* **Supplied data**

==============================

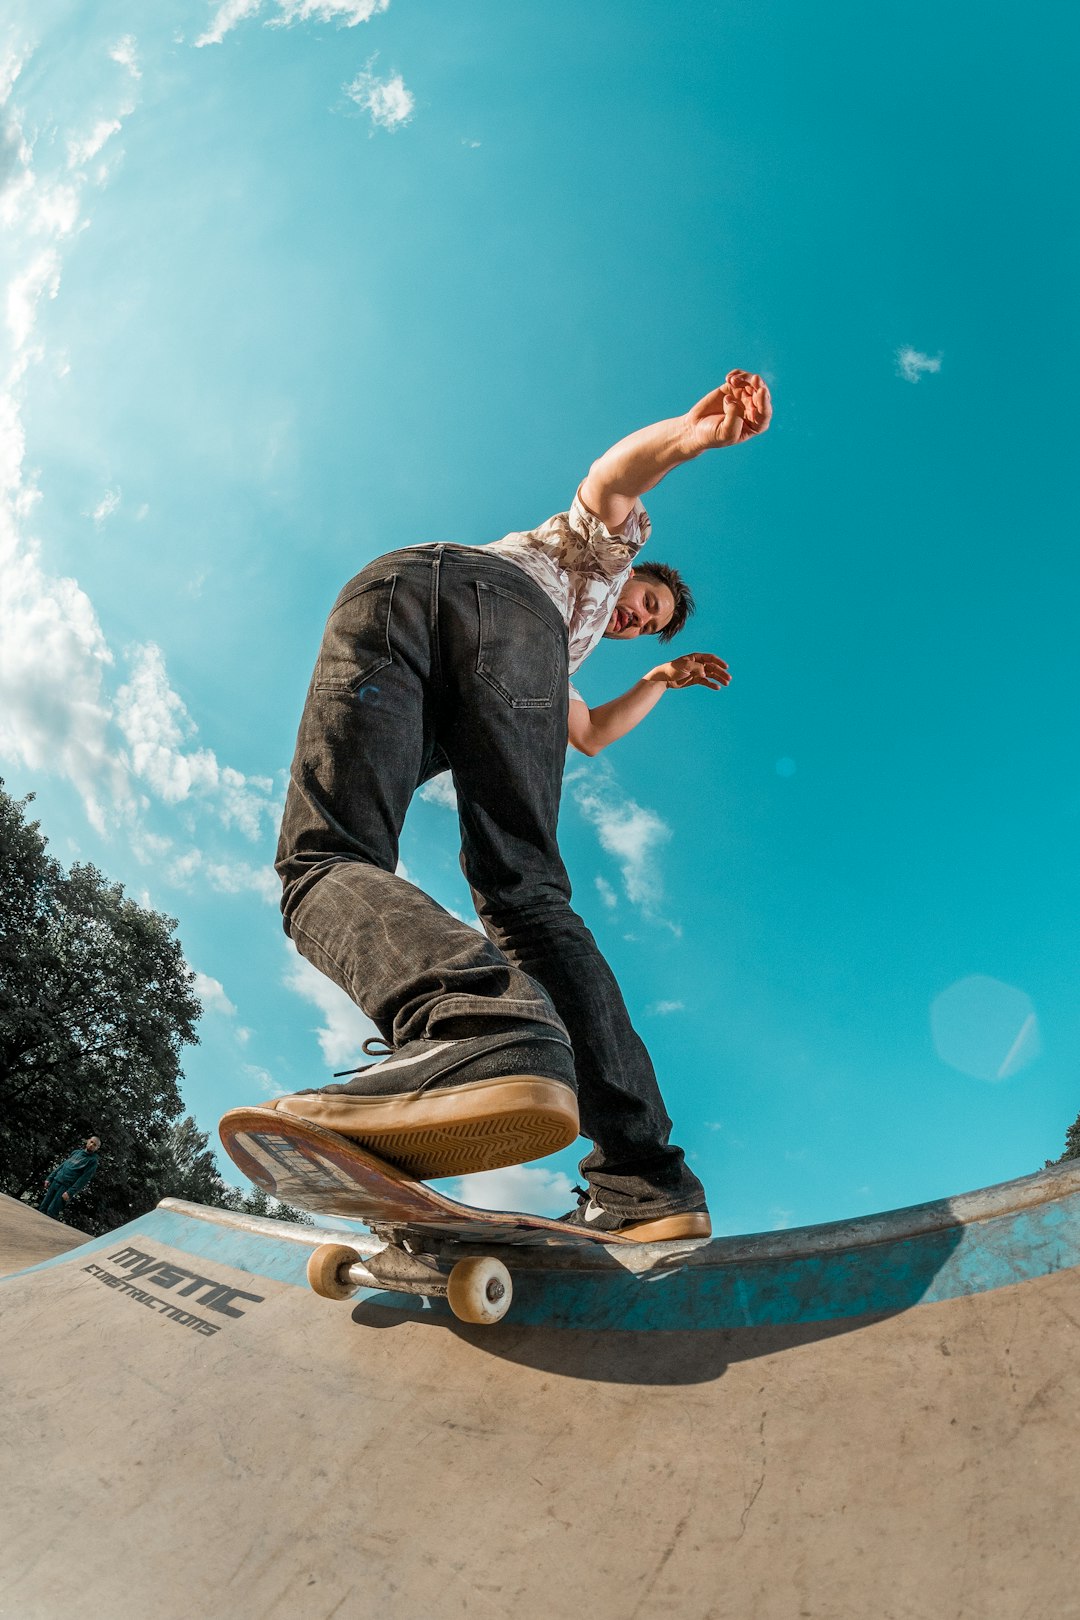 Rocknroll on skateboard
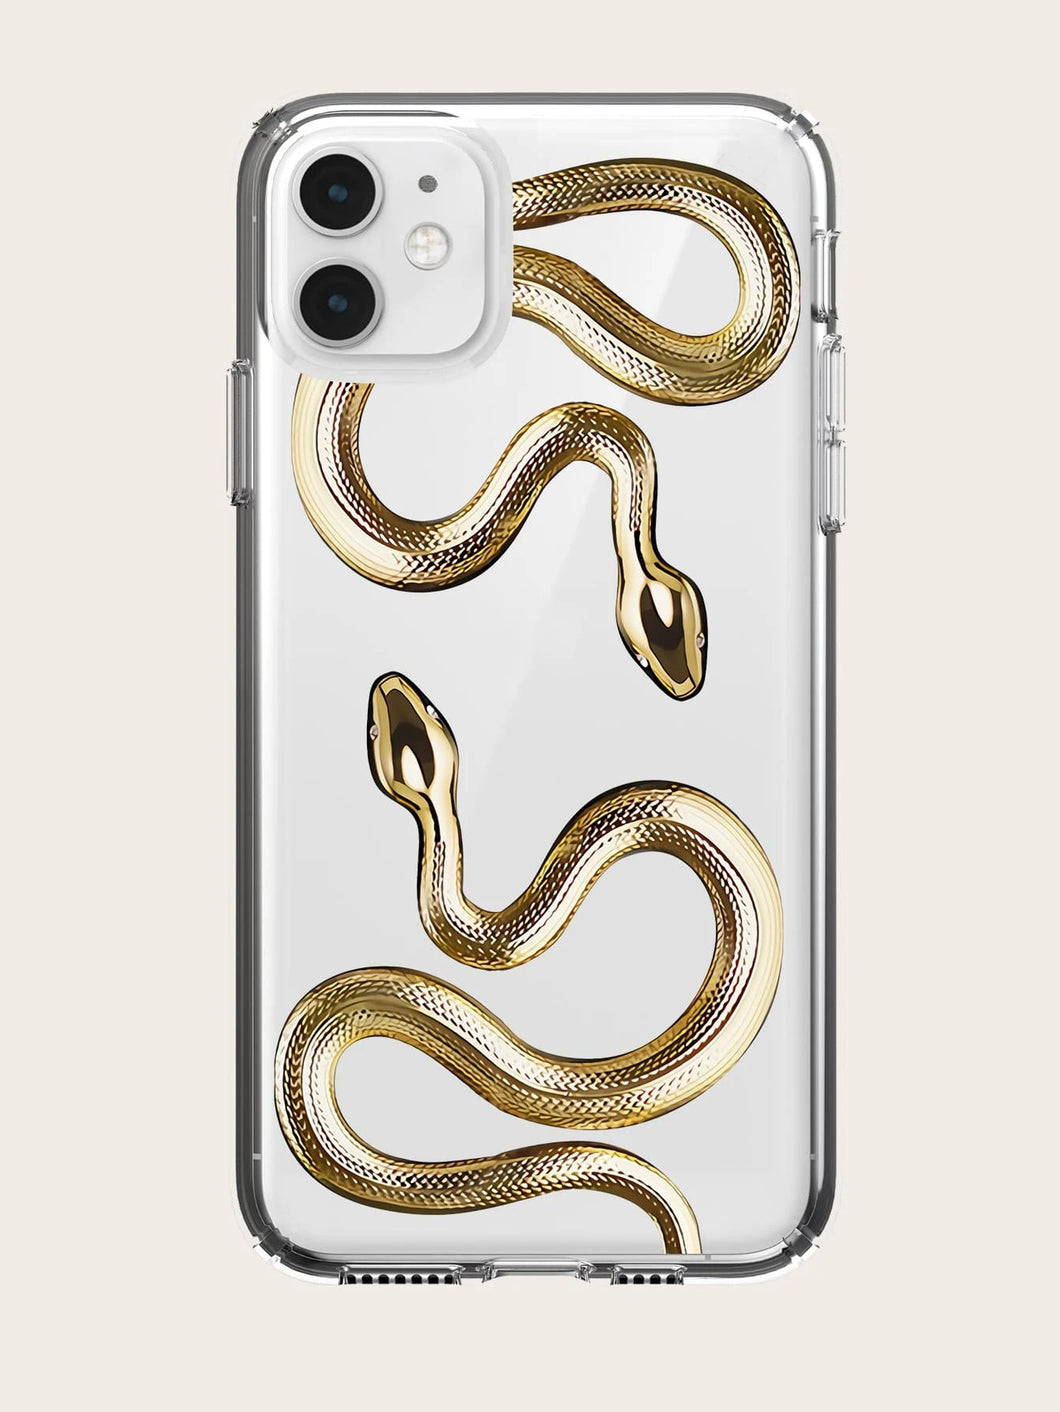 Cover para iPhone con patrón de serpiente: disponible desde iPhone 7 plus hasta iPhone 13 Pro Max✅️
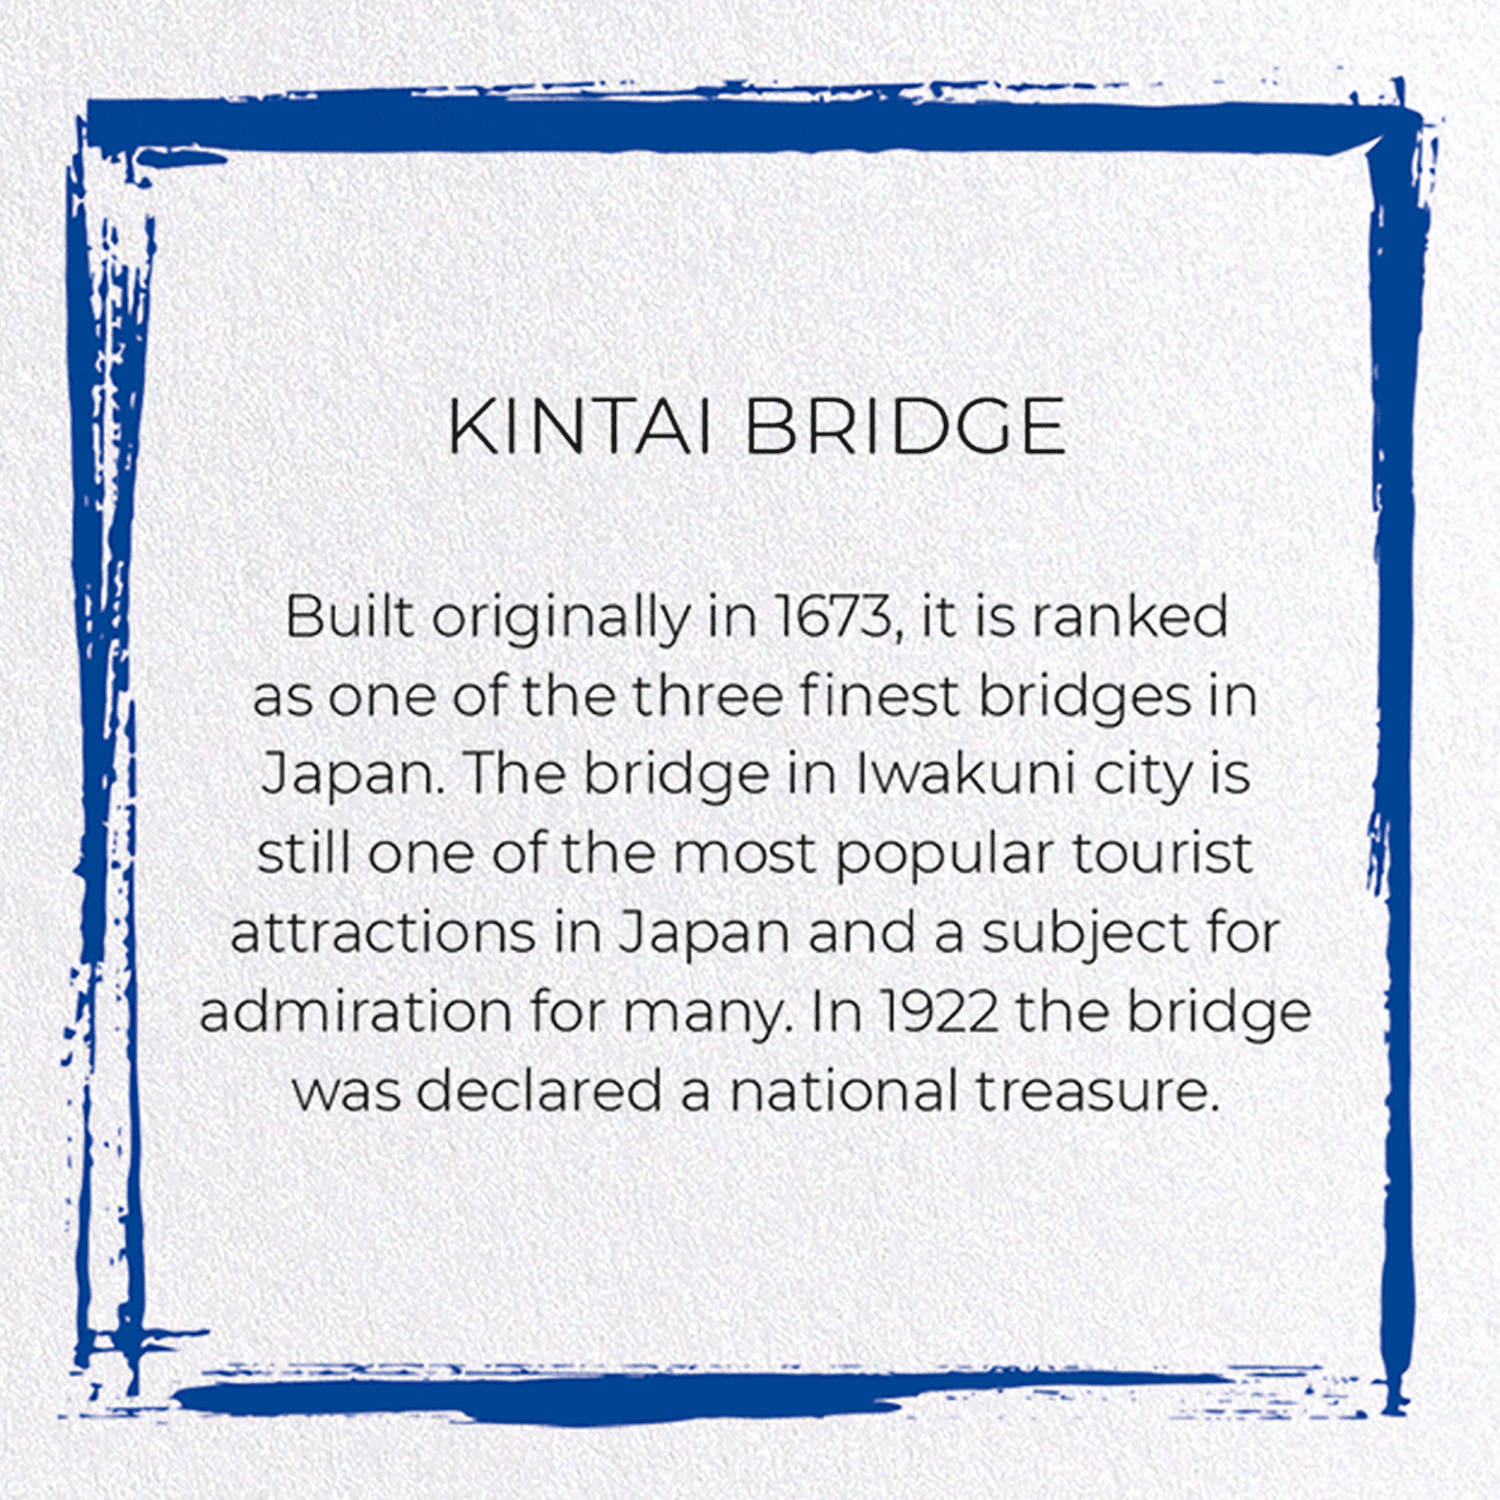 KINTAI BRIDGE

==============================

* **Work request**
Beginning with the line in which "Cover para iPhone" appears, repeat exactly each line down to the close of the material, leaving every picture out.

* **Exercise solution**
 Cover para iPhone con patrón de serpiente: disponible desde iPhone 7 plus hasta iPhone 13 Pro Max✅️
 KINTAI BRIDGE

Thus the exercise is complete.